On a normal Saturday in April, the Colorado River near Laughlin would be full of jet skiers and flanked by sunbathers. The 97-mile drive from Las Vegas would take at least two hours as urban residents turned off U.S. Highway 95 to the trailheads, Lake Mead and Laughlin.
The road was almost empty Saturday morning, and Laughlin was practically closed with casinos standing quiet, personal watercraft rentals closed and no one on the river despite the predicted high of 84 degrees.
The shutdowns are affecting Laughlin’s economy, including its only grocery store. Nevadans living at the border were left crossing state lines to get groceries Saturday morning when Aldape’s Market closed Friday after 33 years.

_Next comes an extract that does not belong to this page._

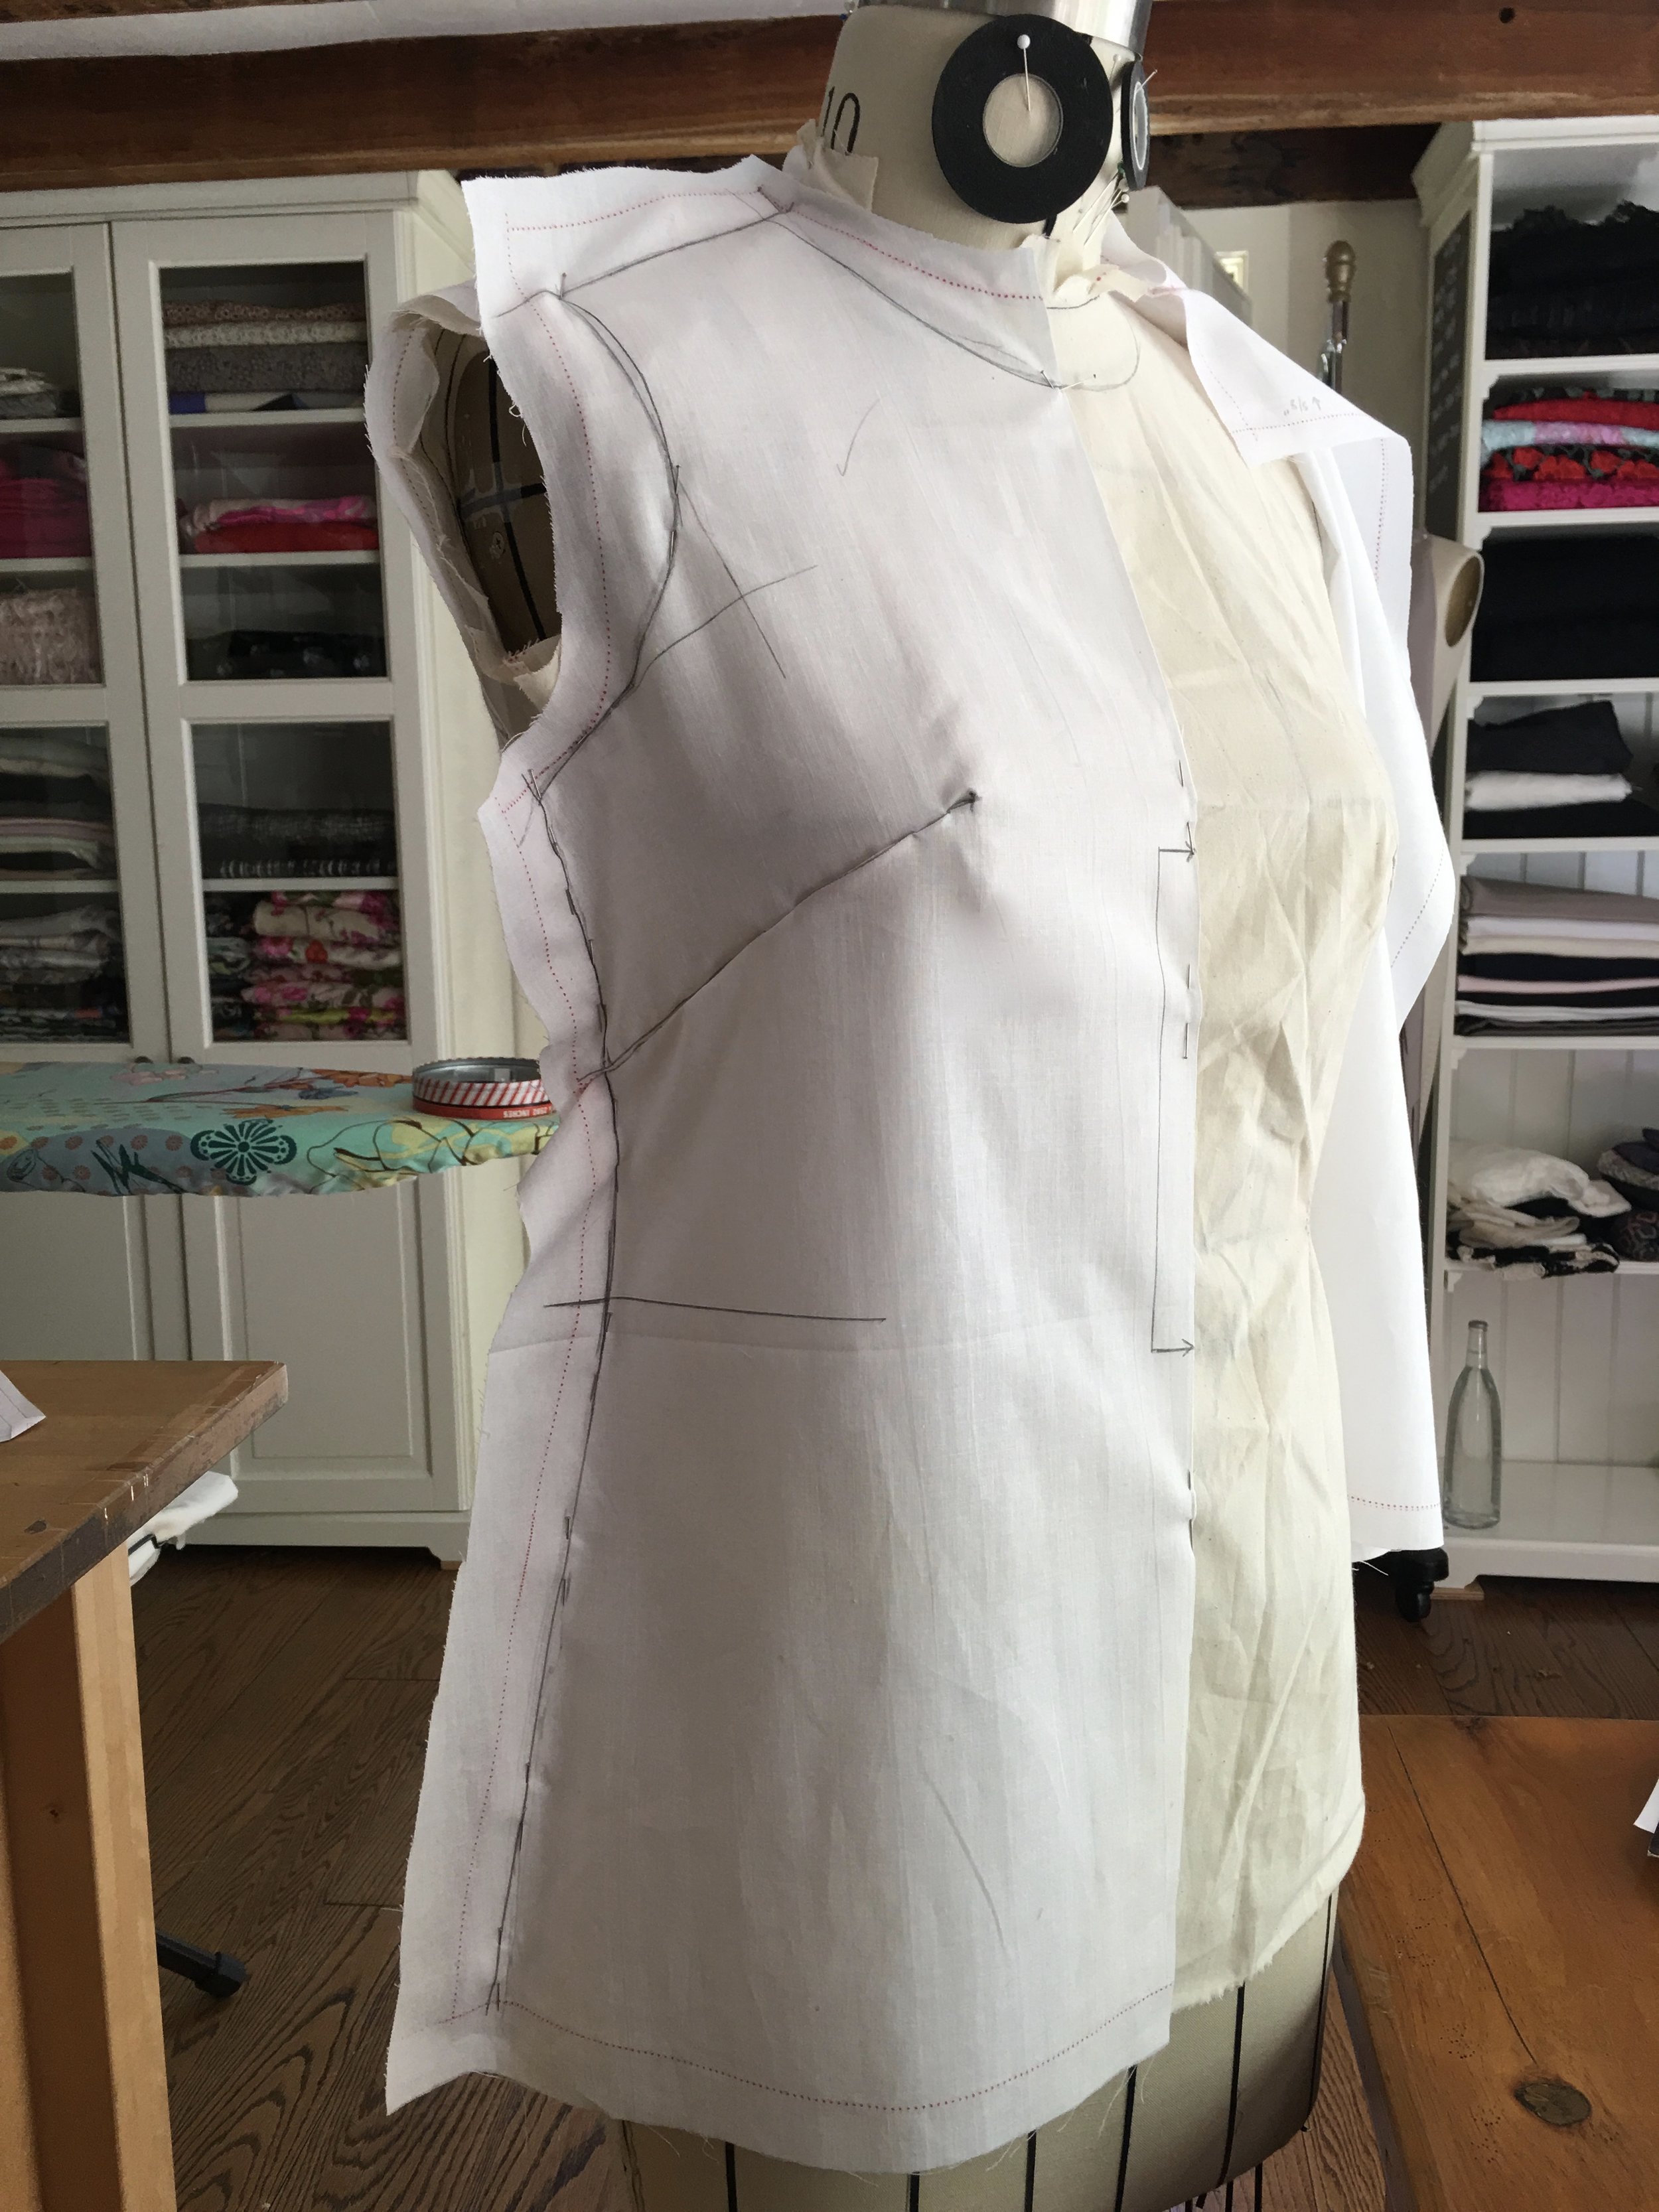 Marfy 3171 Skirt and Simple Draped Shift Top — A Challenging Sew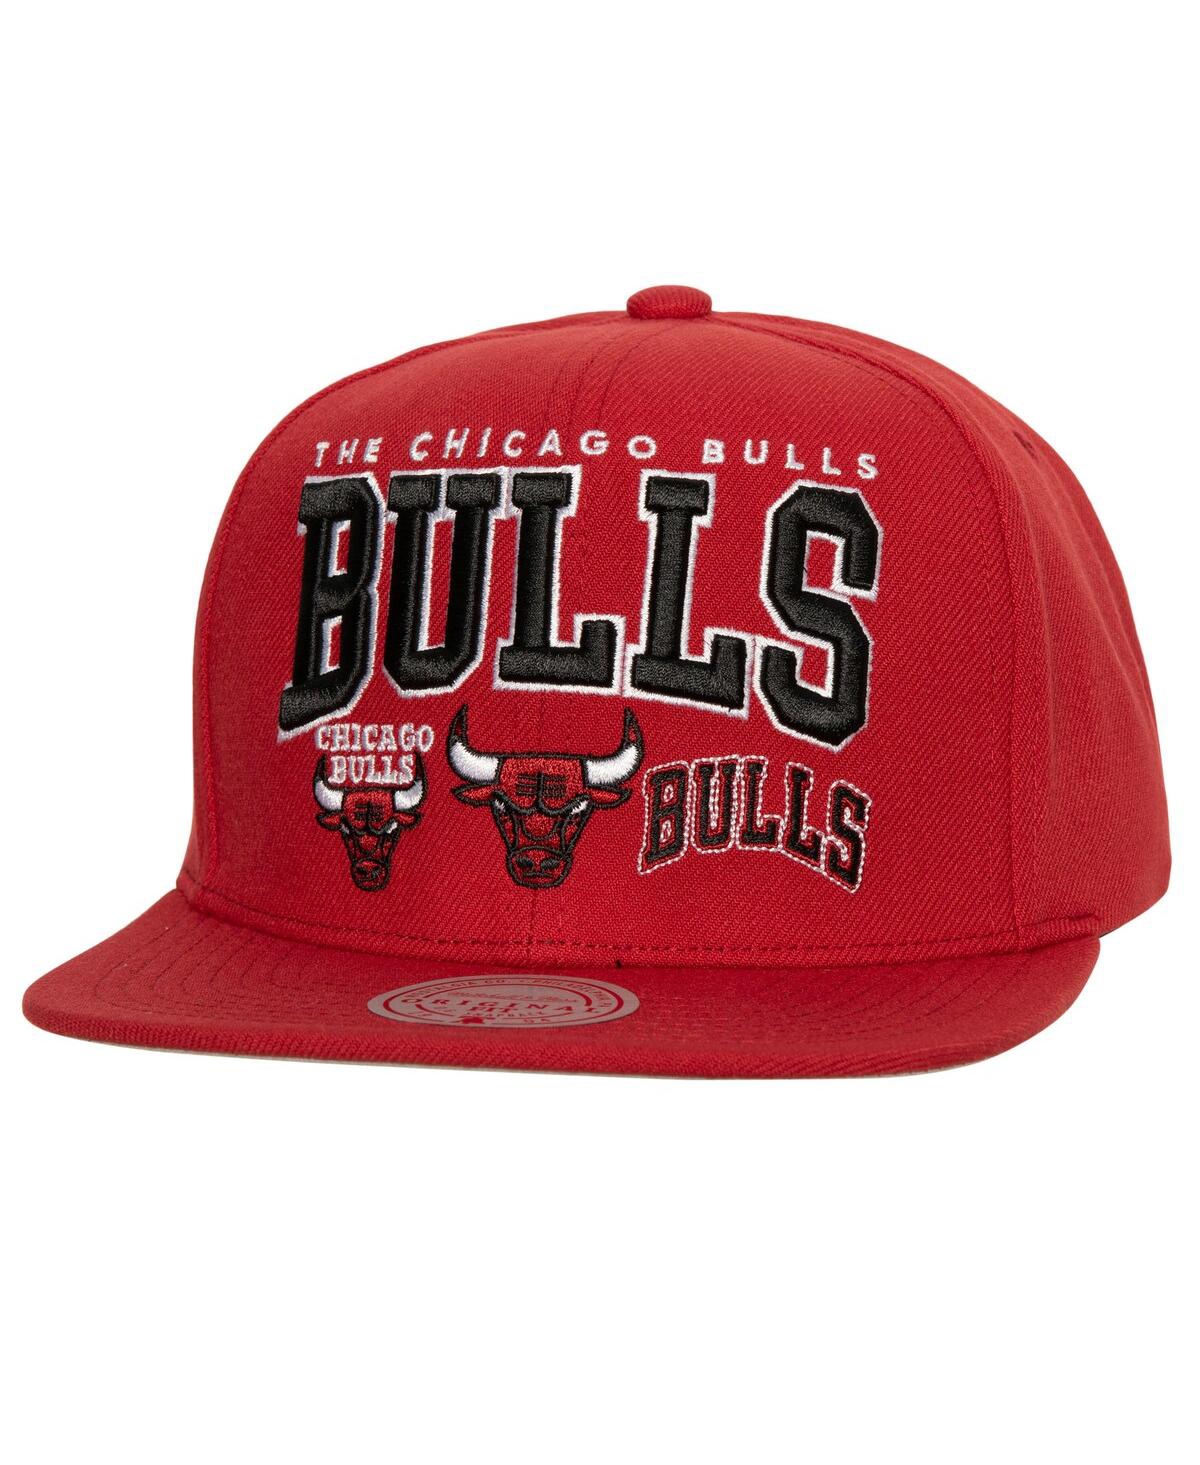 Shop Mitchell & Ness Men's  Red Chicago Bulls Champ Stack Snapback Hat

Landlord Coker Ellsworth of Ellsworth Coker Realty said the store had no plans to reopen, but he was hoping for a new tenant.
Some residents had stocked up, helping the store sell out the rest of its inventory and forcing its shutdown. Clark County Commissioner Michael Naft told the Las Vegas Review-Journal the coronavirus interfered with the the grocery store’s ability to get inventory that was initially delivered from Las Vegas.
But residents without vehicles faced a problem that Michael and Crystal Jackson of Silver Rider, the local branch of the Southern Nevada Transit Coalition, felt they were expected to fix because the walk to the nearest grocery store is now over half an hour.
“Out here public transit is more of a social service,” Michael, 58, said.
Silver Rider now offers a Saturday-only bus route three times a day to take Laughlin residents to nearby Bullhead City, Arizona, where they can shop at Safeway or Walmart. The short bus ride to that much-larger city costs $2 round trip.
Michael said he saw how hard the Las Vegas Valley has been hit by coronavirus and didn’t want to bring those fears to local public transit. The Jacksons are using hospital-grade disinfectant to wipe seats, buses and the bus terminal itself. Every hour bus drivers are expected to disinfect, and Crystal, 51, is beginning to make masks for her drivers.
The couple also blocked off most seats on the bus to observe social distancing regulations.
A bus for 14 now holds four passengers, Michael said.
“People have got to social distance. We have to make social distancing happen,” he said.
The two said they’re glad Laughlin hasn’t seen an outbreak of the virus yet but recognize how much it’s hurting the economy. Crystal said she’s glad to see the windows in Laughlin hotels lit into the shape of a heart at night.
There were only six passengers reserved for Saturday’s three buses, which Michael attributed to Aldape’s only closing the day before, as well as that news of the new route might not have spread yet.
“As needs grow, if we have to add more buses, we will,” he said.
Crystal said the bus line is still maintaining a regular schedule, even if buses are less full, because even if one person takes it, that person might be an essential worker.
Riders shared fears that Laughlin’s vitality would go away with Adalpe’s. Bus driver and Laughlin resident Beverly Osko said that with one doctor’s office, one bank and no grocery store, she doesn’t see how the city of about 7,000 people could appeal to prospective residents.
For Debbie Holmgren, 57, and Todd Henke, 53, the bus route meant they saved $6 off the normal Saturday trip to Bullhead City and didn’t have to shop in bulk at nearby Sam’s Club.
The couple bought medical packs for Holmgren’s back and vacuum bags for their home after their cat had four kittens last week, she said.
The two didn’t think masks and gloves were necessary, and like many shoppers at the Bullhead City Walmart on Saturday morning, they chose to go without any protection.
Henke called the coronavirus response a “big panic over nothing.”
When the bus brought the couple back to Laughlin, they took their freezer bag filled with more than $100 in supplies and walked it up the hill to their home.